= Christopher P. Monkhouse =

American architectural historian (1947–2021)

Christopher Pruyn Monkhouse (1947 – 2021) was an architectural historian, a scholar of the decorative arts, and a curator who worked in institutions across America. He was the founding curator of the Heinz Architectural Galleries at Carnegie Museum of Art in Pittsburgh and, in 2017, upon his retirement, he had held the post of Eloise W. Martin curator and Chair of the Department of European Decorative Arts at the Art Institute of Chicago for ten years.

== Early life and education ==
Christopher Monkhouse was born in Portland, Maine on 2 April 1947 to William A. Monkhouse, M.D. and Agnes Pruyn Linder Monkhouse. He had two brothers, William and Frederick, who both predeceased him. Christopher attended Waynflete School, graduated from Deerfield Academy in 1965, and, in 1966, studied English country houses at the summer school run by the Attingham Trust at Attingham Park in Shropshire, England.

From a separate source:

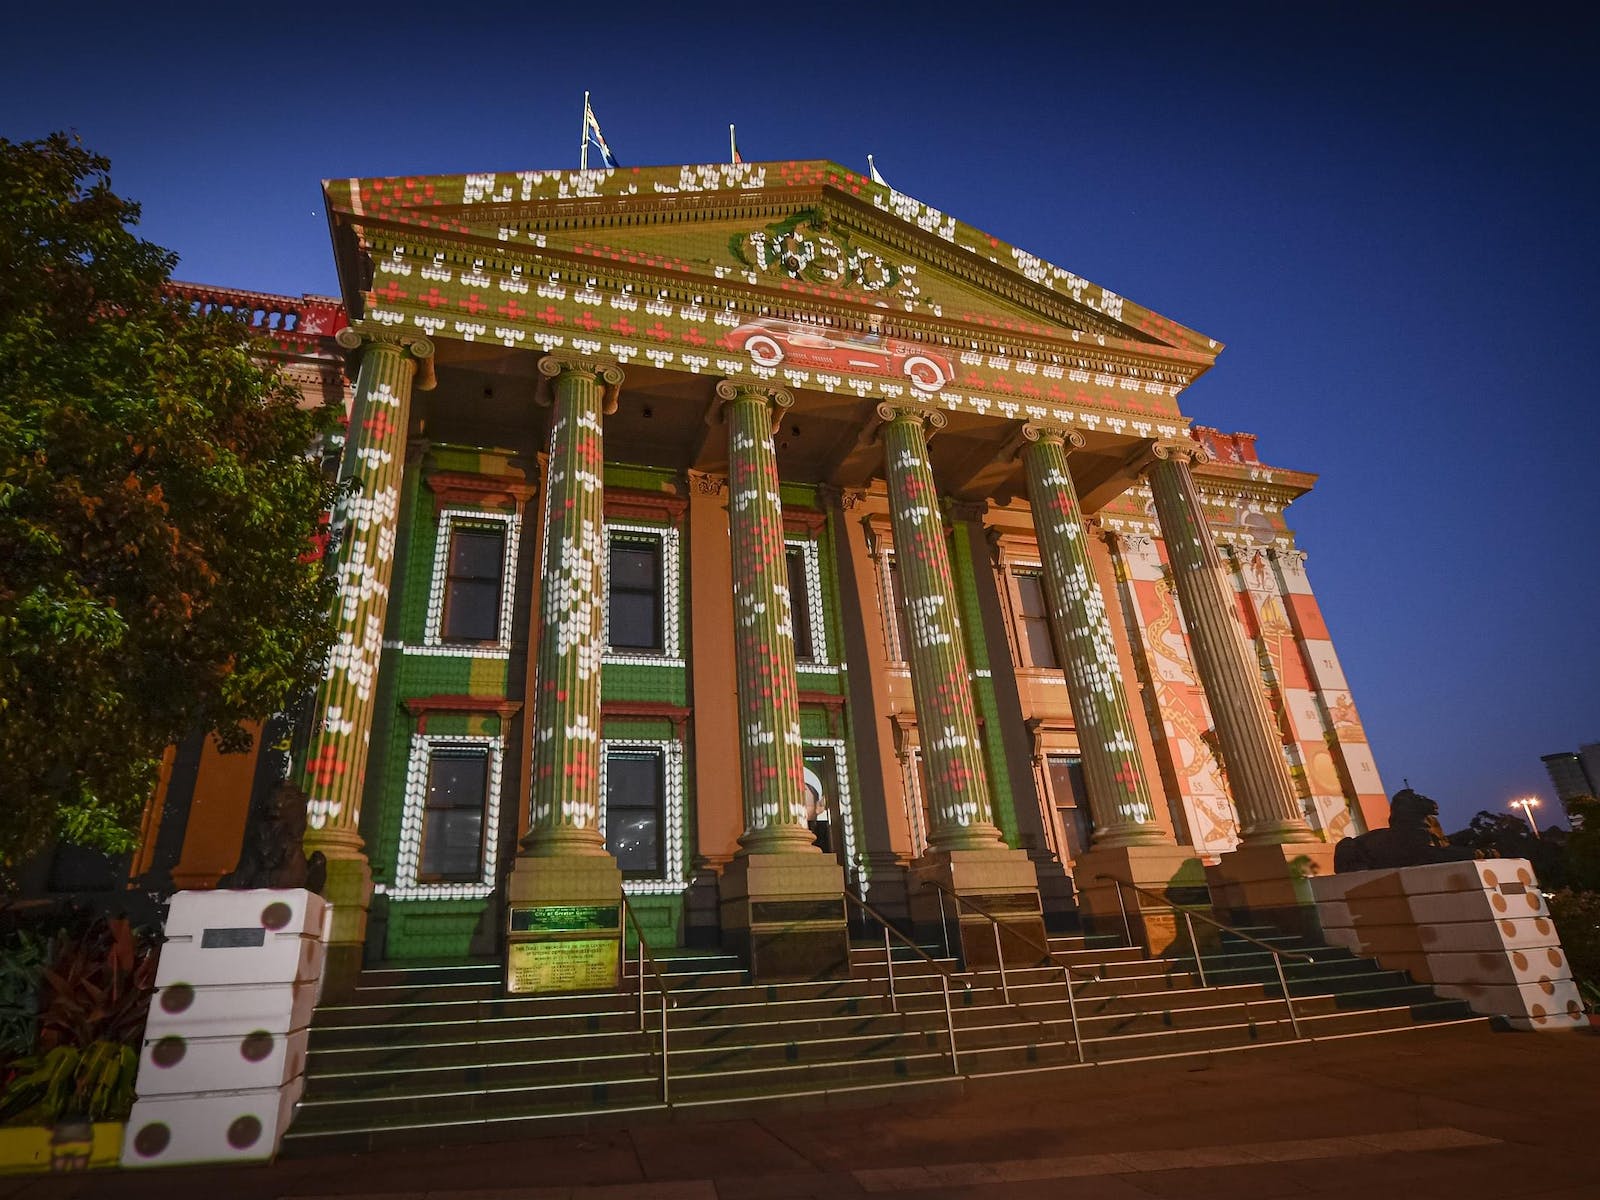 City Hall facade in Geelong is adorned with Christmas projections.

From 1965 to 1969, Monkhouse read for a degree in History of Art (BA) at the University of Pennsylvania and, upon being awarded a Thouron British American Fellowship, he travelled to London to study for an MA at the Courtauld Institute of Art, undertaking his dissertation on 19th century railway hotels supervised by Nikolaus Pevsner. It was during this time he first visited Ireland to study the hotels on the Grand Canal. He later wrote a chapter, Railway Hotels, for a 1979 book on railway architecture.

== Career ==
Christopher Monkhouse worked on his first exhibition while still at secondary school, curating a 1964 exhibit on Maine politics with two other members of Deerfield's historical society and, as he later observed; "I had the good fortune to know what I wanted to do professionally very early in life. I curated my first art exhibition at Deerfield, and I have not deviated from that career track since."

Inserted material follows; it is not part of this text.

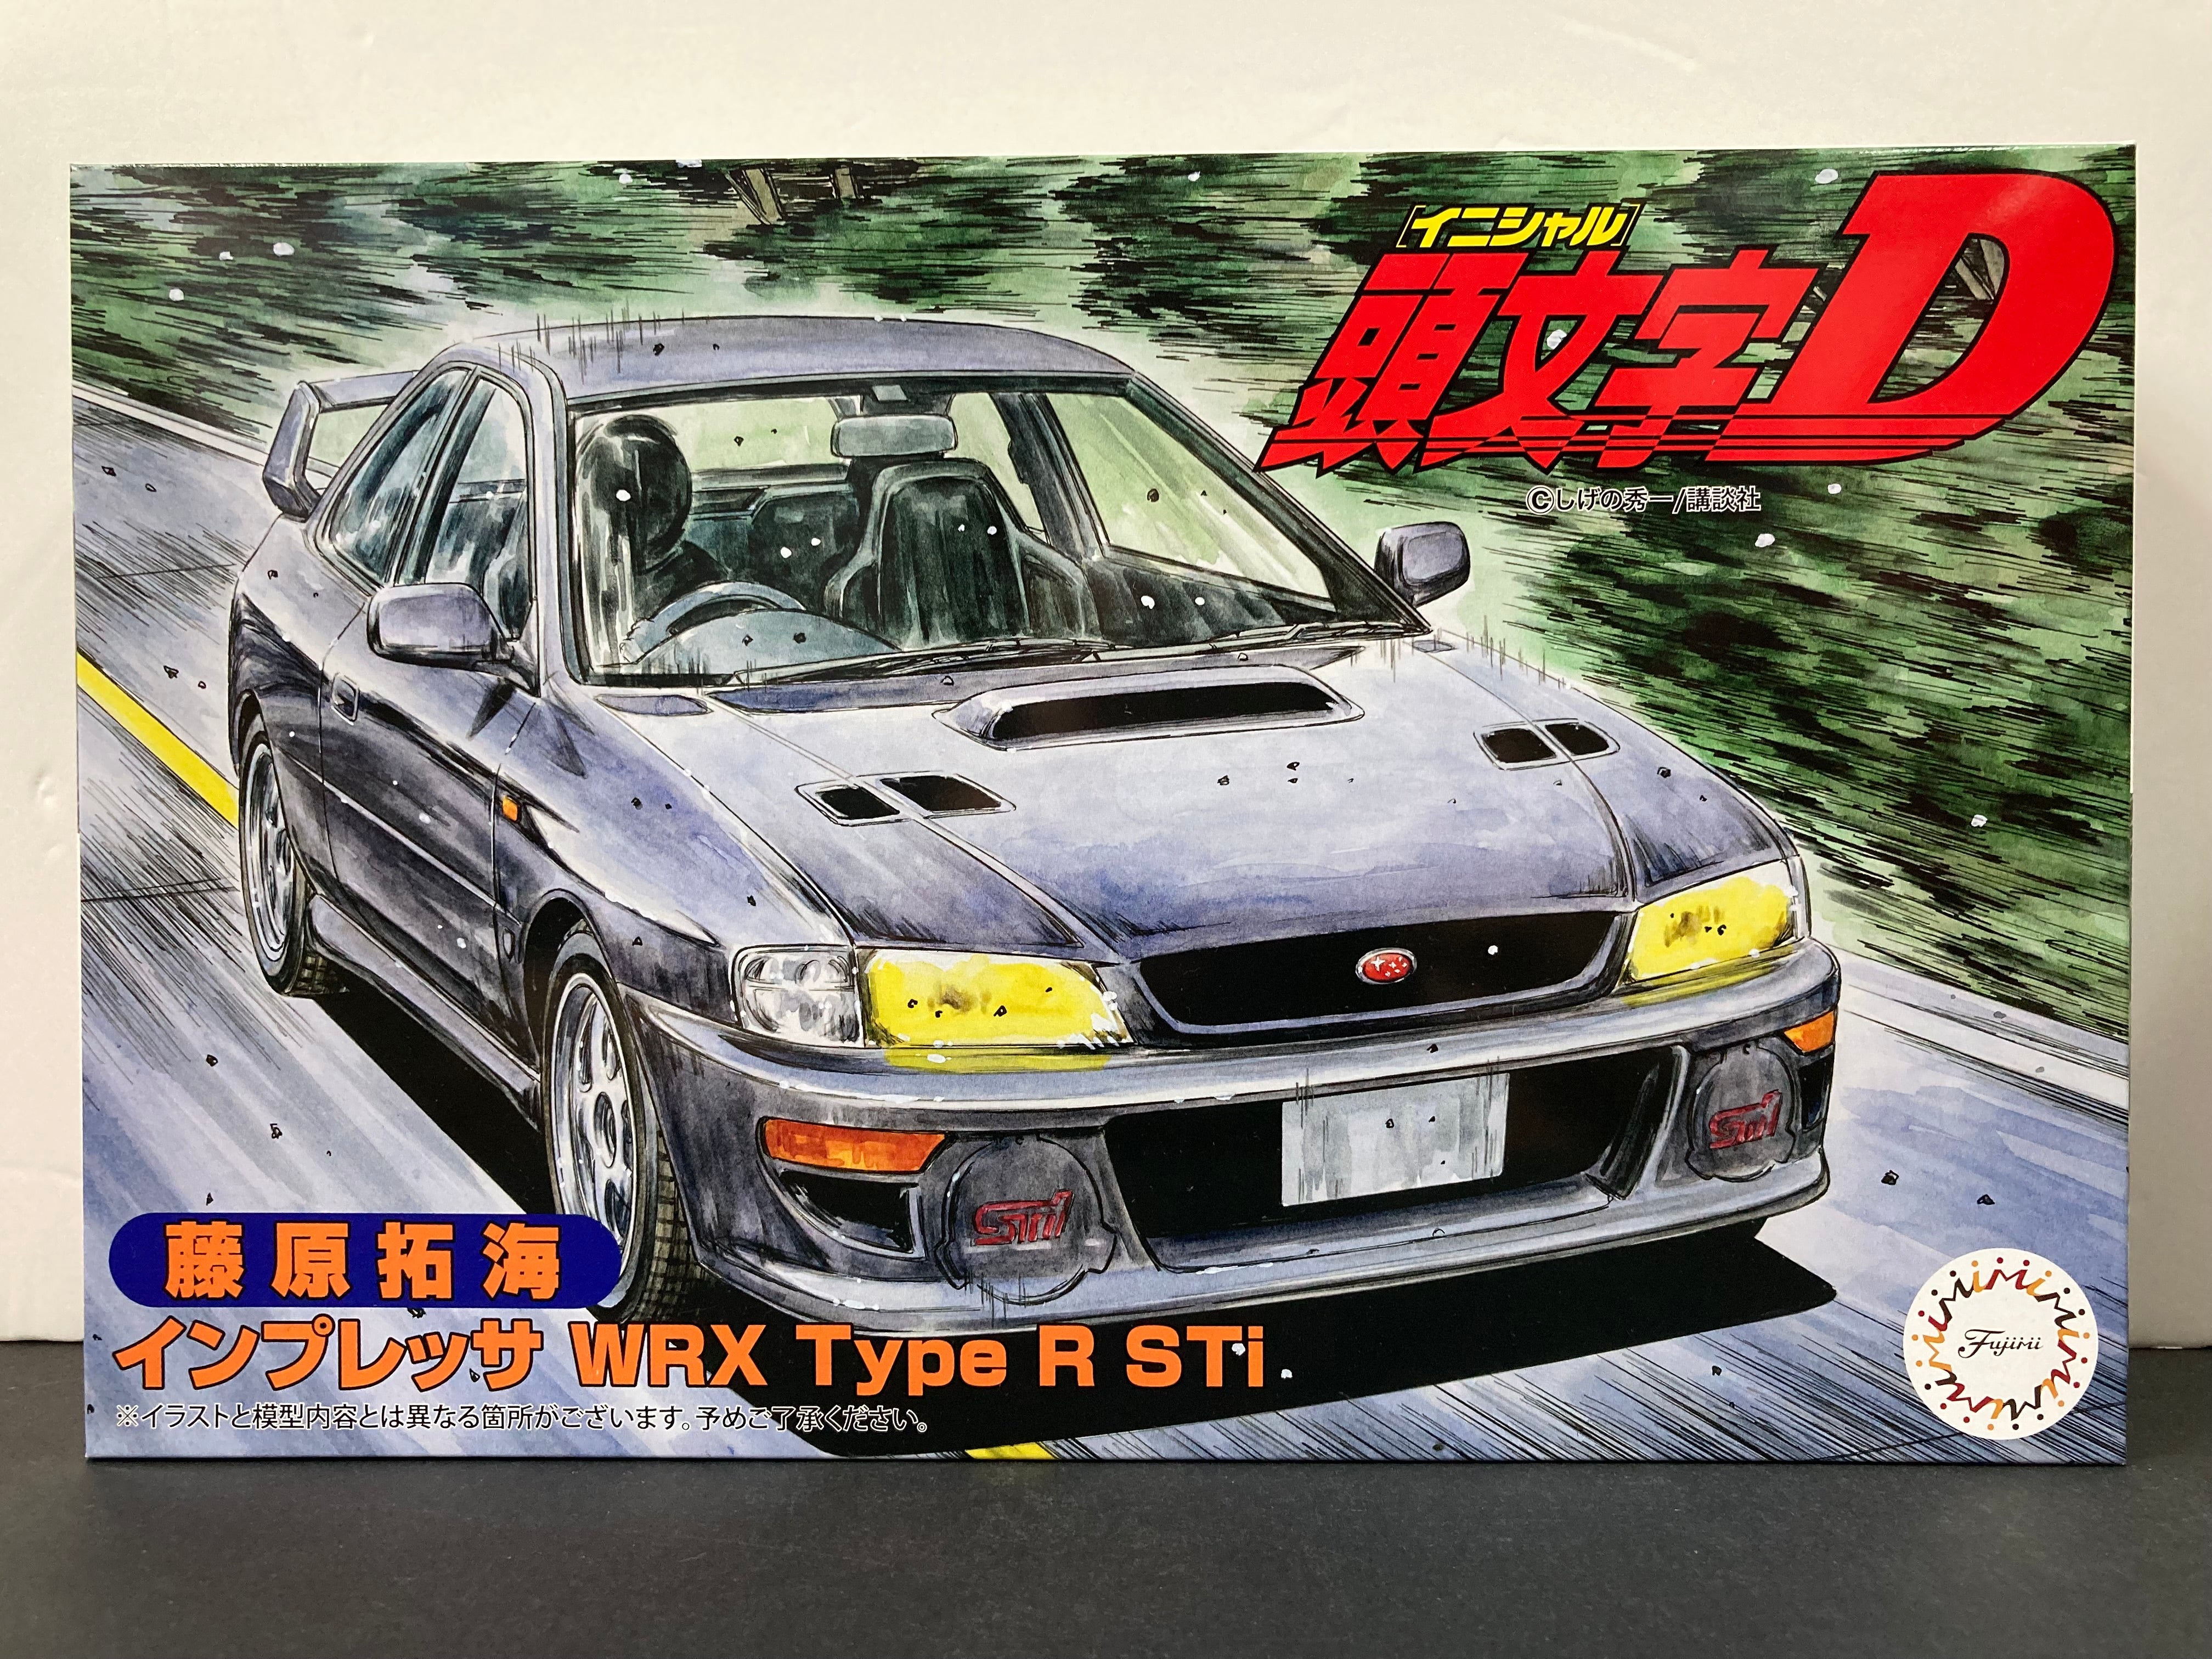 GC8 finally shows up in Initial D anime series

Monkhouse remained in London after completing his master's degree and worked at the Victoria and Albert Museum, the world's largest museum of applied and decorative arts and design, before returning to the States in 1975 as visiting lecturer at Brown University. His first curatorial appointment was in the summer of 1976 when he became curator of European and American decorative arts at the Museum of Art at Rhode Island School of Design where he served for the next 15 years. One of the many exhibitions he curated, Gorham: Masterpieces in Metal was reviewed in the New York Times in 1983 and was described as 'an impressive survey of Providence's illustrious 152-year- old metal-fabricating industry'.

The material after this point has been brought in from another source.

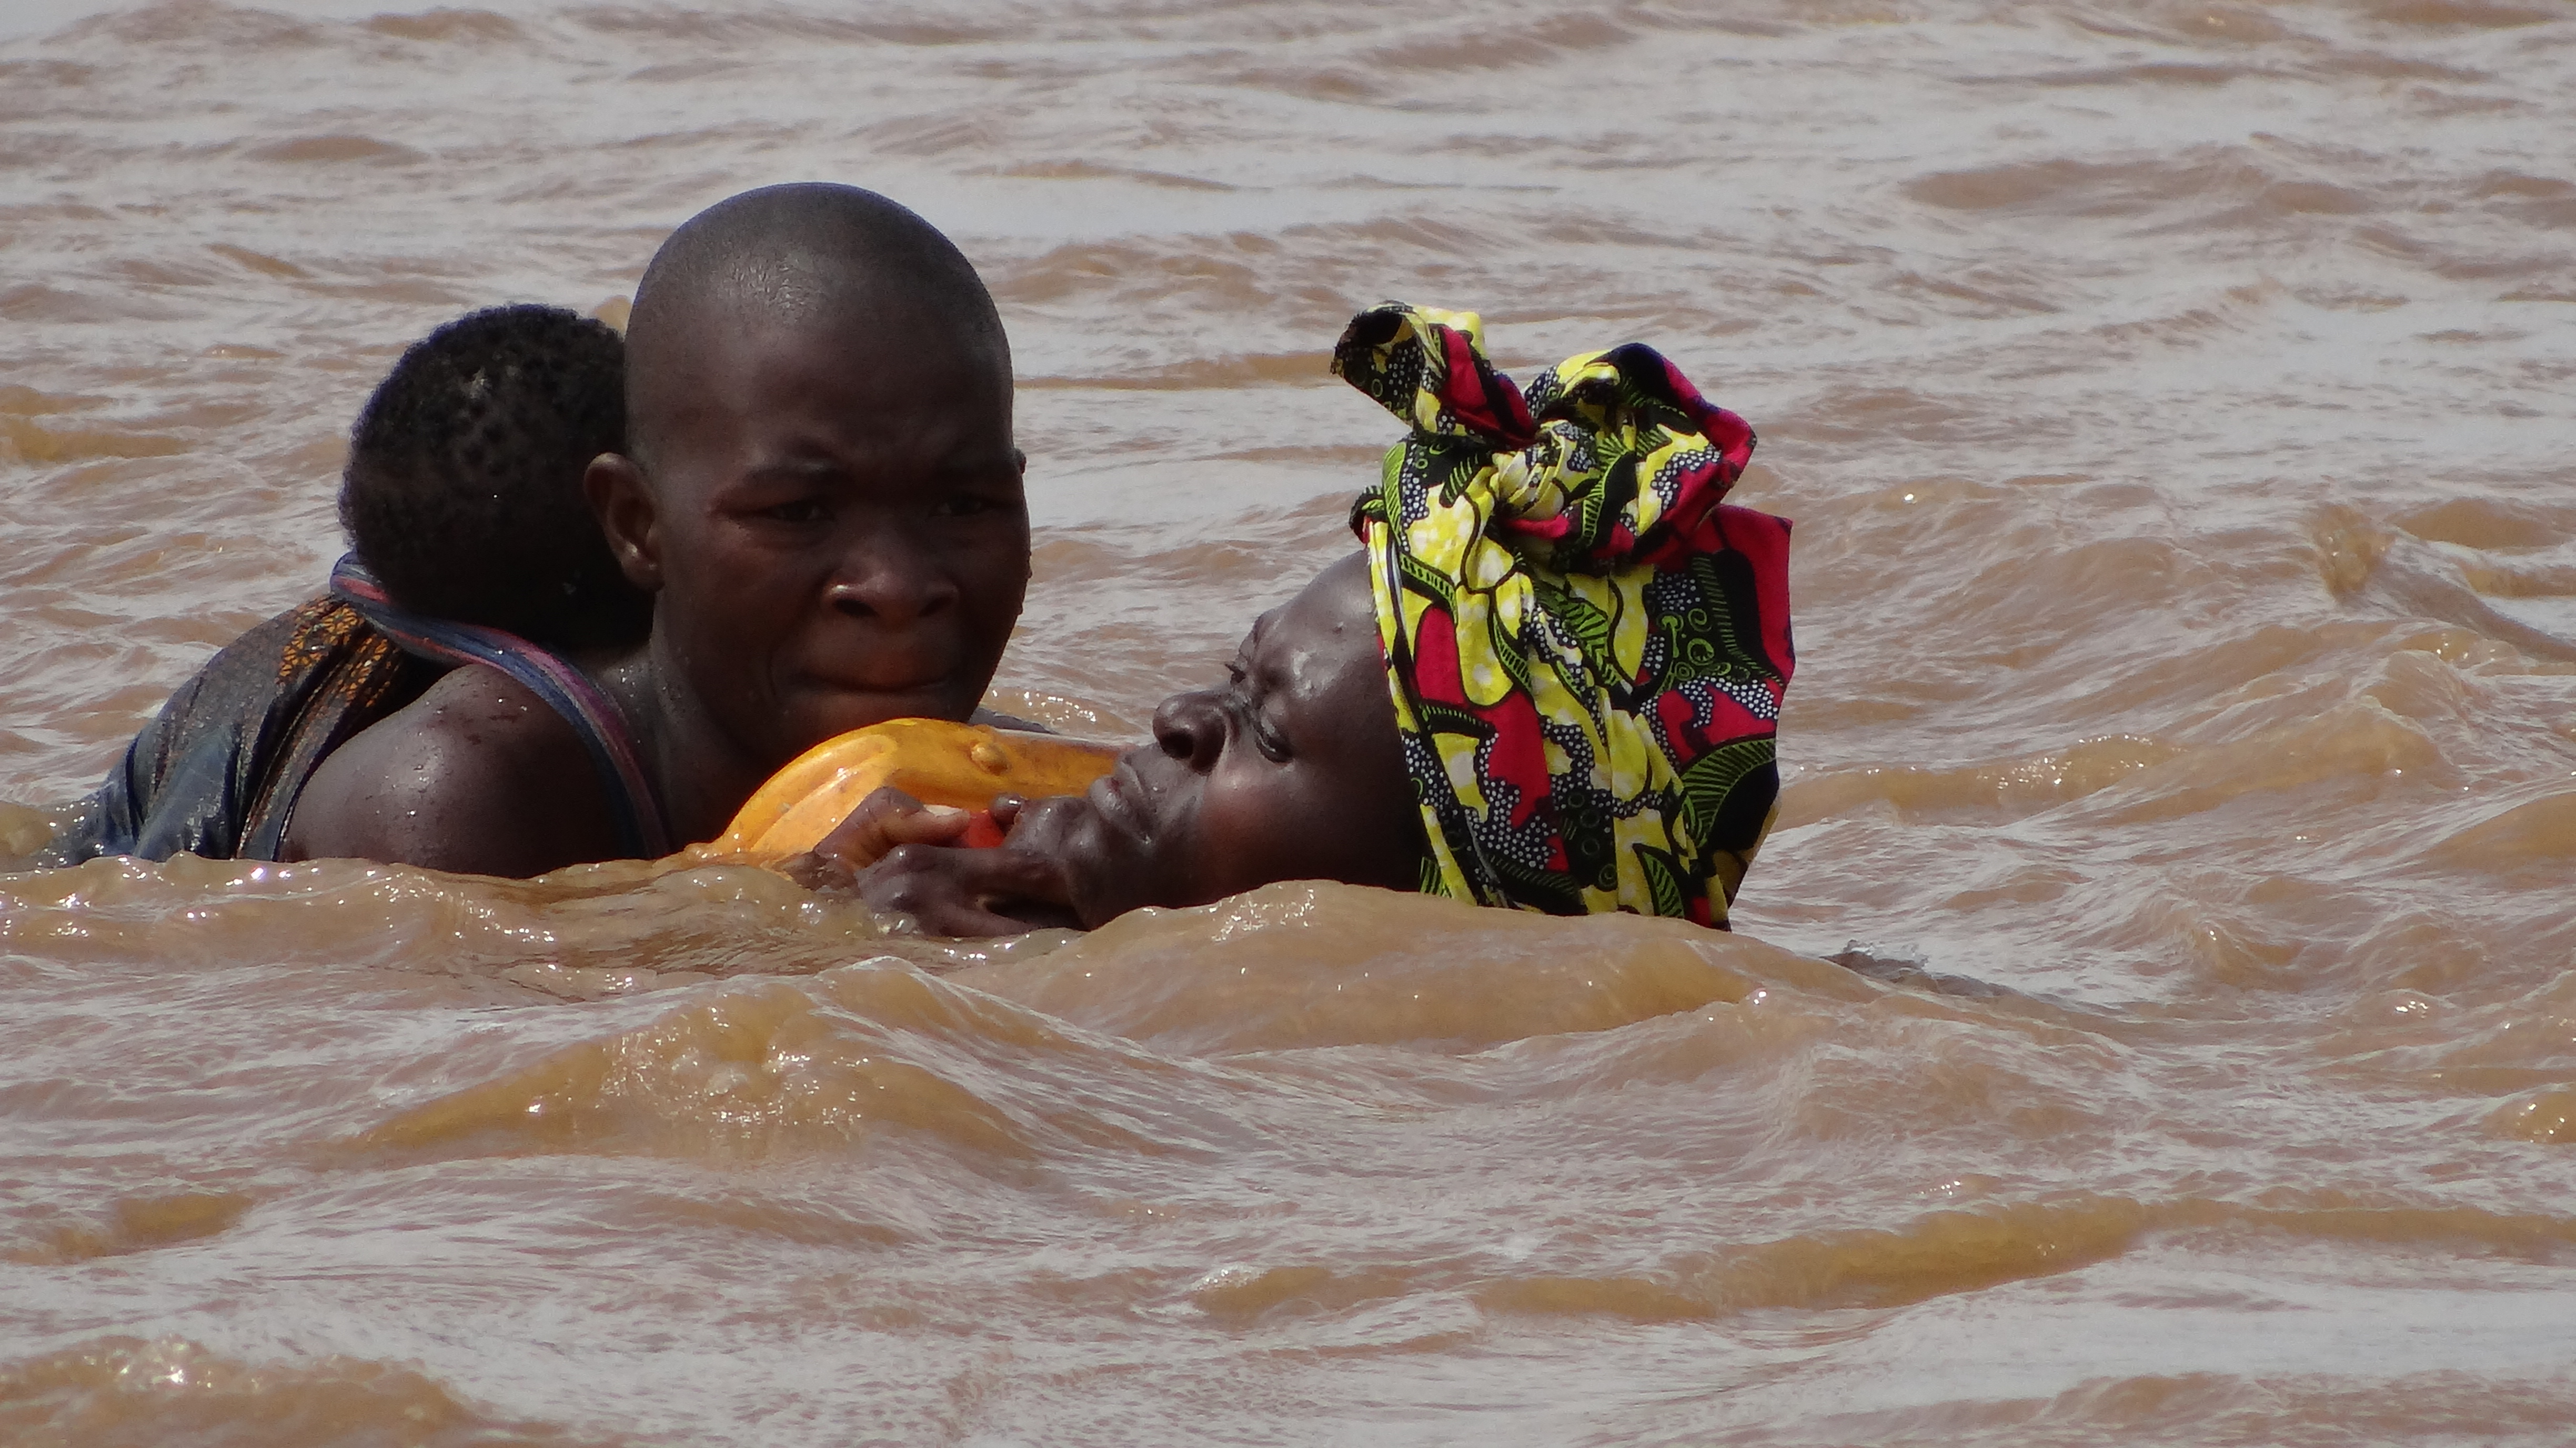 Congolese refugees defy strong currents in crocodile-infested river to seek safety in Burundi

From 1991 to 1995 Christopher Monkhouse was the founding curator of the Heinz Architectural Galleries at Carnegie Museum of Art and, reflecting his life-long interest in architecture, laid the foundations of an architectural resource that encompasses a collection of over 6000 objects. His own house in Ben Avon, Pennsylvania was also like a museum with the walls covered in architectural drawings. He moved his own extensive collection of art, antiques, books and architectural drawings to Minnesota when he was appointed James Ford Bell Curator of Decorative Arts, Sculpture, Architecture Design and Craft at the Minneapolis Institute of Art in 1995. One of the major exhibitions that Monkhouse curated was the 2004 exhibition Currents of Change: Art and Life Along the Mississippi River, 1850–1861, with Jason T. Busch and Janet L. Whitmore, in which he merged his interest in the poetry of Henry Wadsworth Longfellow, a fellow Portland native, and the culture of the American Midwest. Lynsi Spaulding, in a review for the journal Nineteenth-Century Art Worldwide, said the exhibition offered 'a fresh perspective of the River and the steamboat as the primary conduits for both the necessities of commerce and the propagation of artistic style' and concluded that the curators were owed 'a debt of gratitude for tackling such a complicated era and presenting the diverse themes with a sense of maturity and sensitive comprehension.'

In 2007 Monkhouse was appointed Eloise Martin Curator and Chair of the department of European Decorative Arts at the Art Institute of Chicago. Upon being approached to take up the post and appreciating that he was approaching the last decade of his career he asked himself; "Have I done everything I want to? This is a chance to work with an extraordinary collection in a great museum. Who could ask for anything more?" One of his tasks was to oversee the reinstallation of one of America's top decorative arts collections in a new wing at the institute designed by Renzo Piano; an architect whose work was well known to Monkhouse since the first exhibition he curated when the Heinz Architectural Galleries opened in 1993 was a show inspired by the work of Renzo Piano incorporating computer technology; an innovative idea at the time.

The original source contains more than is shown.